27.03.2011, 18:48 Uhr

Wir mussten keine Wasserwerfer einsetzen wie Sie, Herr Mappus!
Wir haben nur unsere Stimme abgegeben und das mit gutem Gewissen!
Sie, Herr Mappus, können sich nun in die Reihe der Wasserwerfer bei Fukushima einreihen, um wenigstens dort für Abkühlung zu sorgen, wofür Sie hierzulande mit hauptverantwortlich sind.Aber aufgepasst! Schutzanzüge für ihre Dimensionen sind dort sicherlich sehr sehr rar!

R.Ruf

27.03.2011, 18:55 Uhr

Das Vermutete ist eingetreten. Die Niederlage des Herrn Mappus ist auch die Niederlage von Frau Merkel.
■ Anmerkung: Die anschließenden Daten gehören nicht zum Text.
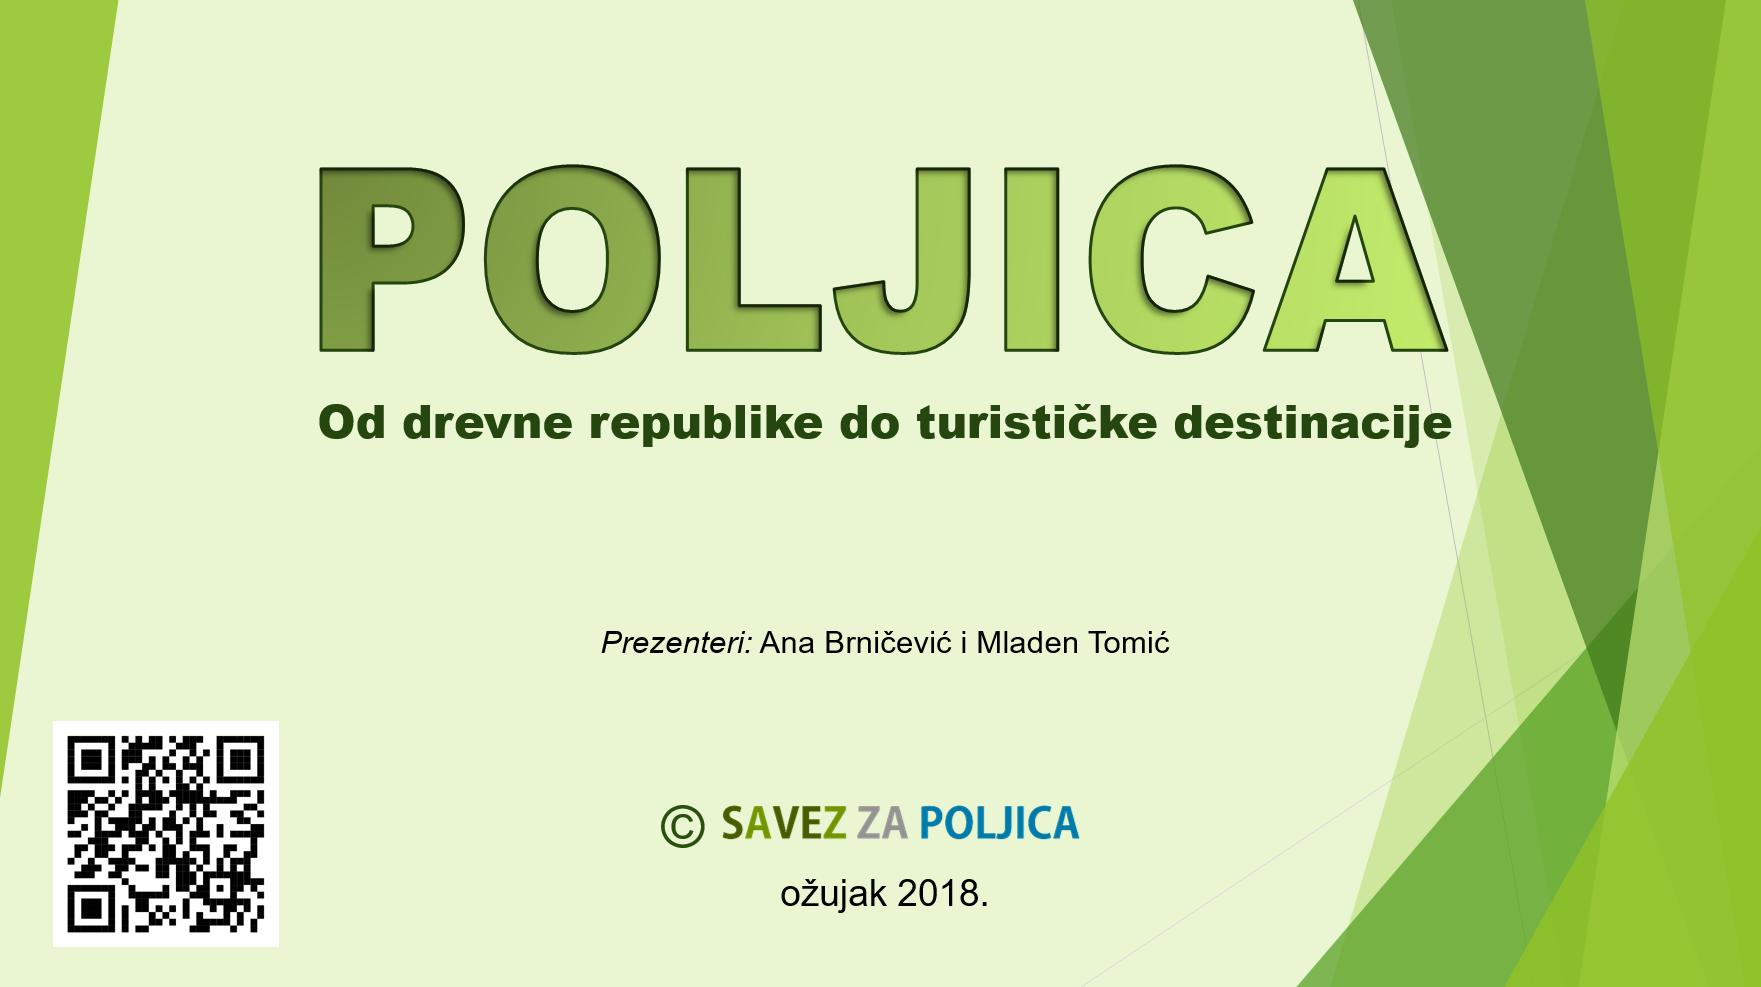 MEĐUNARODNA PREMIJERA POLJICA KAO TURISTIČKOG BRENDA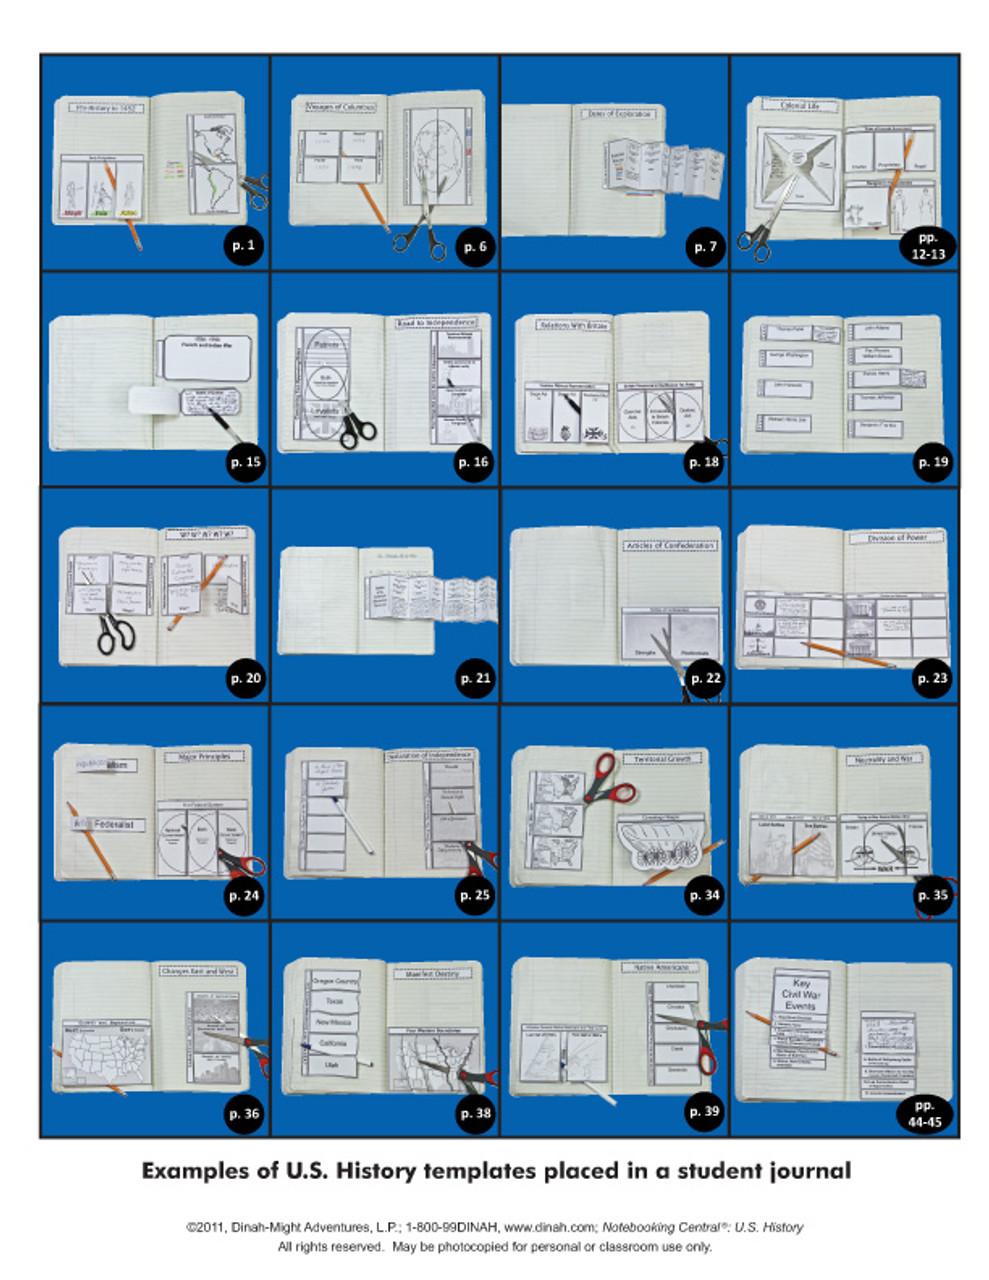 Nc ushistory oct15 layout 1 (page 03)

Die CDU wird zu entscheiden haben ob ein Weiterso mit Merkel an der Spitze der Partei und im Kanzleramt für die Zukunft der Union und die Zukunft Deutschlands noch verantwortbar ist oder ob ein Wechsel angebracht ist.

Berliner

27.03.2011, 19:01 Uhr

Jetzt müssen die Grünen mal zeigen, ob sie wirklich regieren können. Es kommen aber dennoch schwere Zeiten auf BW zu. Die Wähler haben aber so entschieden und müssen nun hoffen, das die 4 Jahre schnell vergehen.